Spotlight: California Dreaming

It’s late afternoon, and music from a tent set up by a local radio station blends with the sound of children’s laughter and the coo of chickens in an adjacent yard. A hundred people mingle amid printed signs that offer a glimpse into the future: This will be the water feature. The picnic area. The pathway—tiled in a colorful mosaic to resemble a meandering California King Snake. This will be our park.

The fraction-of-an-acre lot at Pine Avenue and 53rd in Maywood, Los Angeles County, has been vacant for 90 years. The crowd—city officials, neighbors, advocates—is eclectic, but they’re all here because they, like TPL’s Los Angeles Program Director Carolyn Ramsay, see potential in the tiny parcel that far exceeds its size.

For Carolyn, this groundbreaking ceremony in late June was the “feel-good moment of all feel-good moments”—a critical project milestone, certainly, but also the celebration of a long-held personal mission to create and protect the outdoor gathering places that bring people together.

From the day 20 years ago that Carolyn first moved to Los Angeles, she felt a keen awareness of the dearth of such public spaces. More than other American cities, Los Angeles developed around the ideal of single-family homes, replete with private yards—”a little patch of paradise,” as Carolyn puts it. As that vision evaporated into urban sprawl, it revealed a massive metropolitan area that didn’t have a central green space like Golden Gate Park in San Francisco or Millennium Park in Chicago—didn’t, in fact, have many parks at all.

“I took my son, who was a baby at the time, to the parks. There were very few, and some felt unsafe. They weren’t lively,” Carolyn recalls. “Even now, there aren’t enough places for people to get to know each other. Los Angeles is one of the most diverse cities on the planet: it would benefit all of us to learn more, to have more public space where everyone can just be together.”
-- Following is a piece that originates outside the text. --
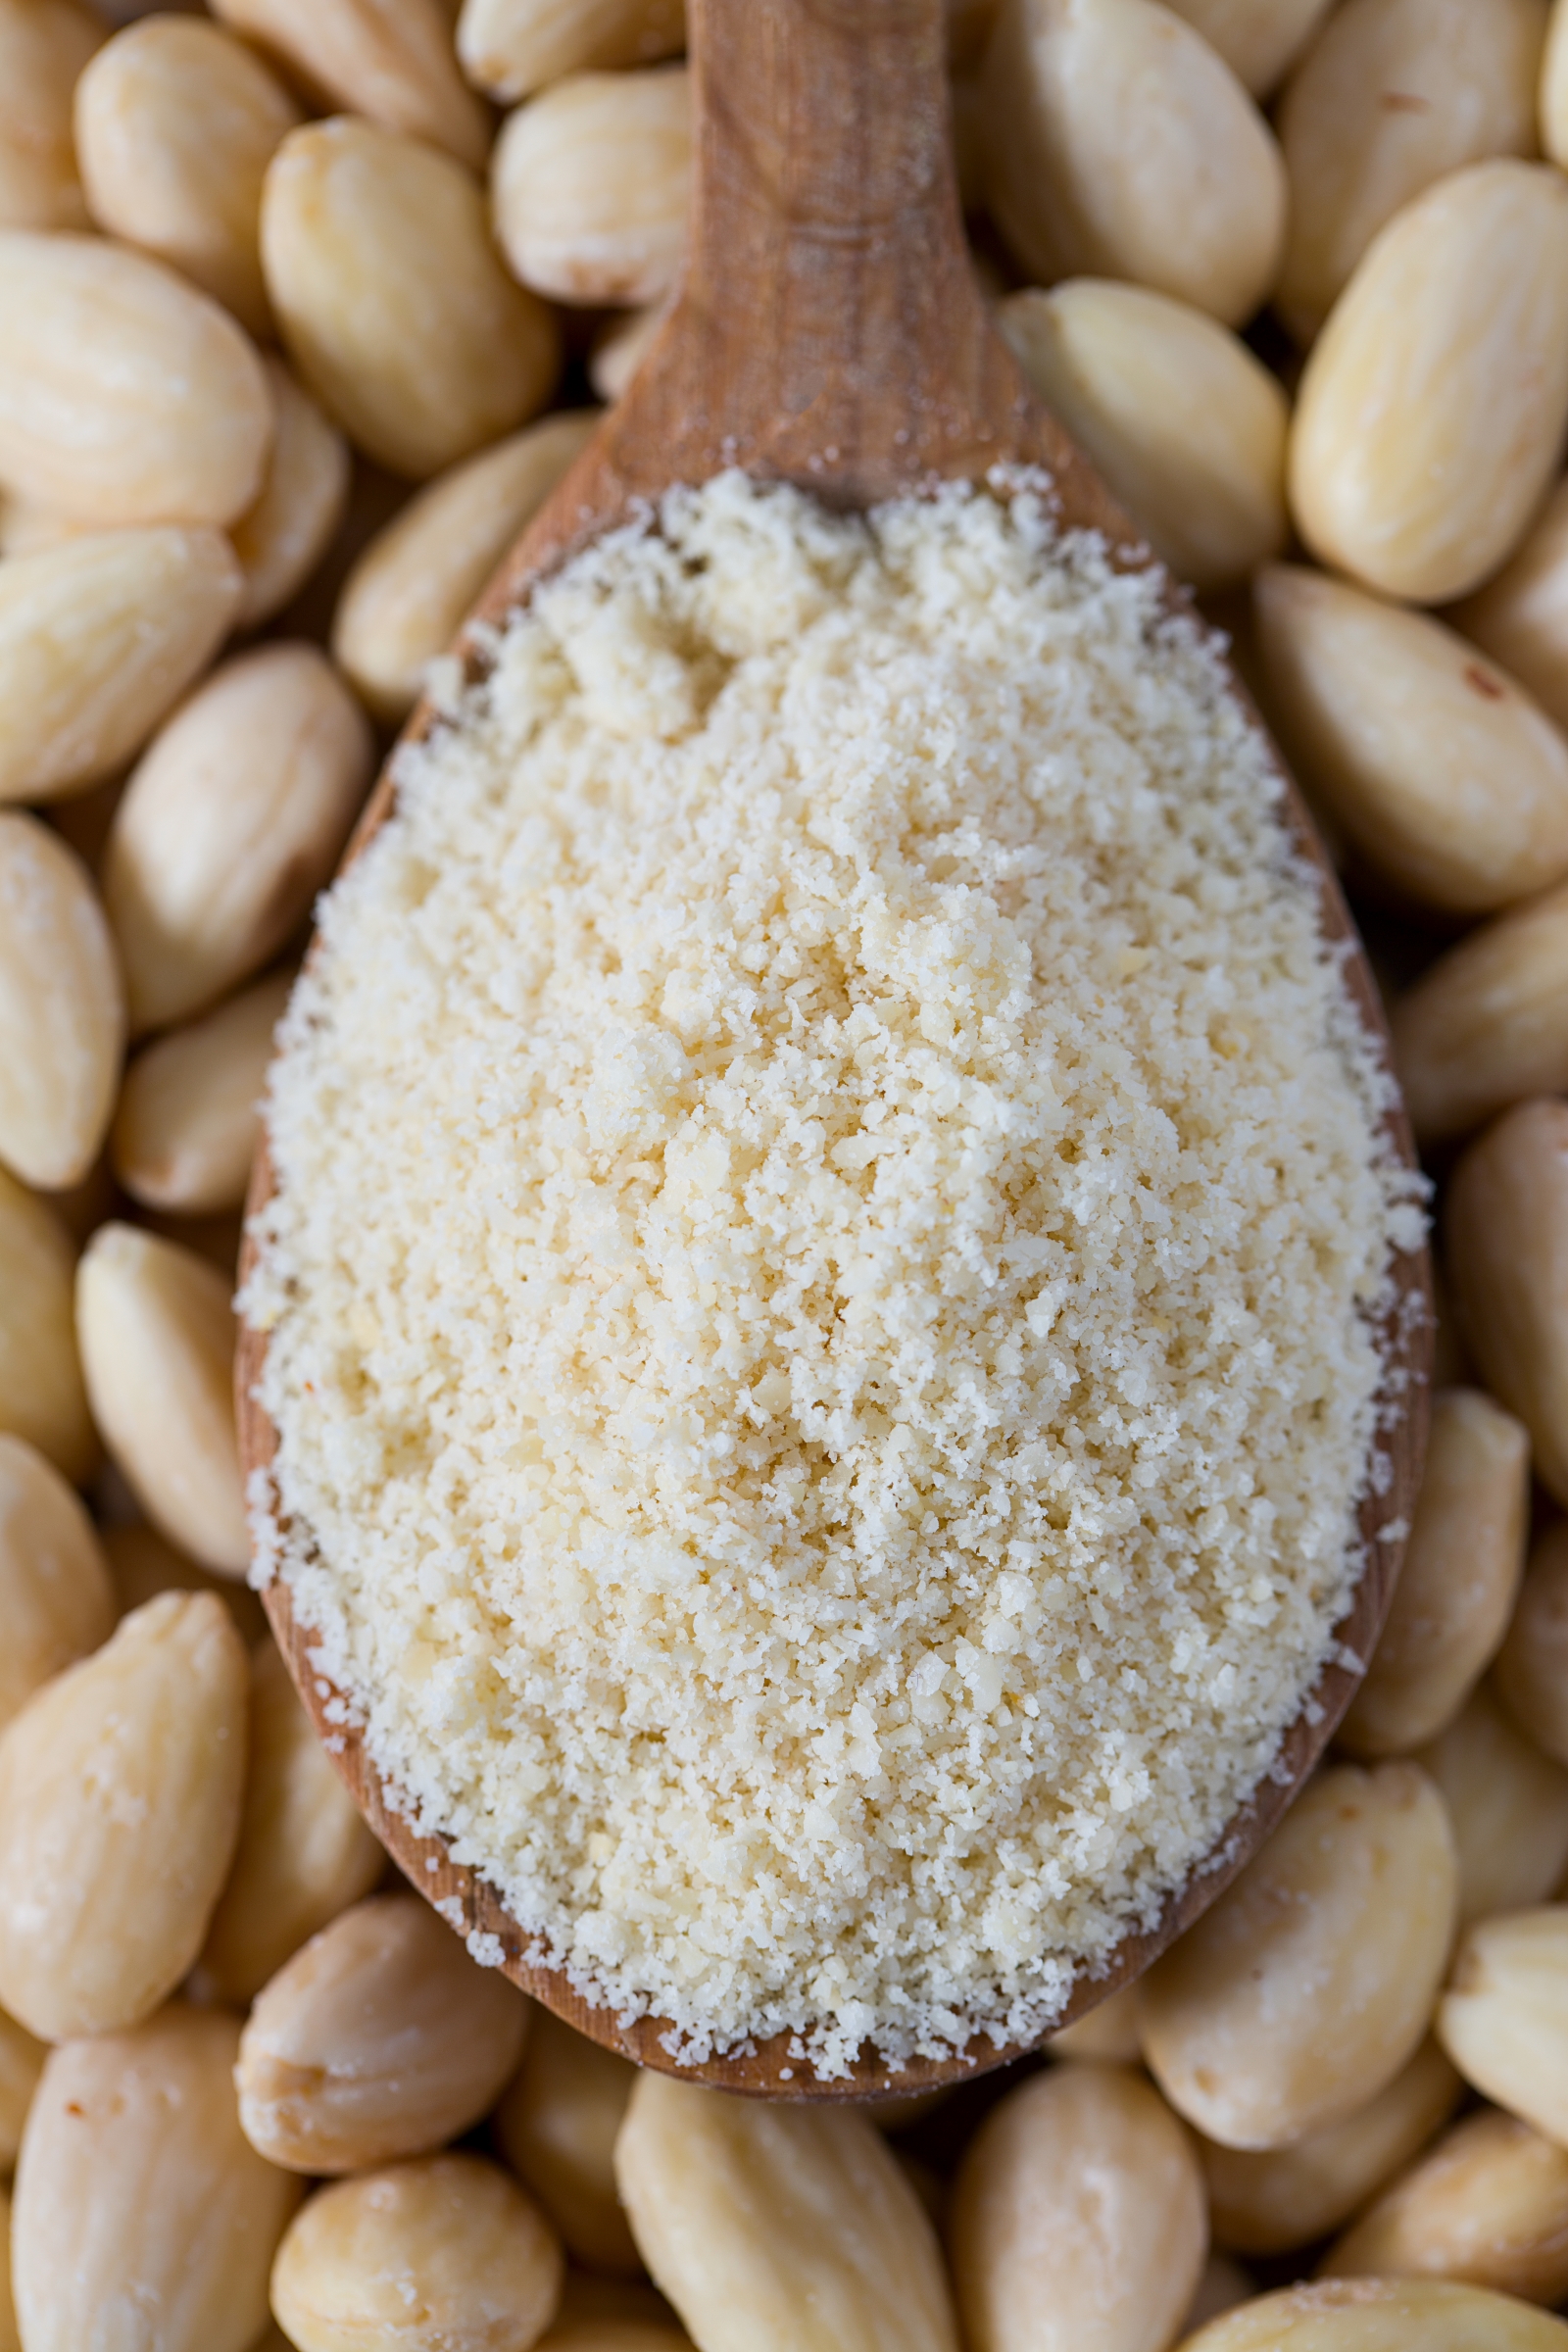 Is Almond Flour Gluten Free?

Never content merely to define the problem, Carolyn began work toward a solution-starting with an effort in her own neighborhood to plant 1,000 trees as part of a beautification project. In the wake of the Rodney King riots, she was struck by the fact that local parks had emerged from the violence largely unscathed.

“With parks, people feel, ‘This is mine, too. This is public, and it belongs to everyone,'” she says. “People have positive memories from their own childhoods about playing in a playground, swinging on the swings, having a picnic with their families—they don’t want to destroy that.”

Building on this observation, Carolyn formed her own nonprofit—called Olive Branches—that brought together like-minded community leaders to support green-space projects across the city. In time, her activism led her to the office of Los Angeles City Councilmember Tom LaBonge, where for five years she applied her media savvy and skills as an organizer to everything from community outreach to large infrastructure projects.

As the councilmember’s deputy chief of staff, Carolyn worked closely with TPL on the campaign to save Cahuenga Peak. “It brought into play everything in my background up to that point,” says Carolyn, whose career includes 15 years in journalism. “It was a peak career experience: a pivotal land acquisition in the Hollywood hills that everyone in the Los Angeles could see. Preserving it had symbolic value to the entire city.”

There’s symbolic value to Carolyn personally, too. Just as Griffith Park represents an intersection between urban and natural lands projects, so, too, was Cahuenga Peak a transition from Carolyn’s work with the city to her current role at TPL.

Carolyn remembers another golden Los Angeles afternoon in the early stages of the campaign, touring the peak with TPL staffers, donors, and her then-boss Councilmember LaBonge. As the day dissolved into evening, LaBonge, through the loudspeaker setup on his Crown Victoria, broke into a rendition of Elvis Presley’s “If I Can Dream”:

There must be lights burning brighter somewhere
Got to be birds flying higher in a sky more blue

“We had to raise $8 million in two months—the breadth and the scope of the challenge was daunting,” Carolyn says. “But Tom singing that song crystallized how we were all feeling. I think all of us started to feel that we could pull it off.”

With the Cahuenga campaign successful, Carolyn’s looking to new green-space ventures for TPL–Los Angeles—including urban park openings and a renewed focus on the city’s riverfront. From the imposing canyons of the San Gabriel Mountains to the vacant lot on Pine Avenue, she sees a landscape of possibility.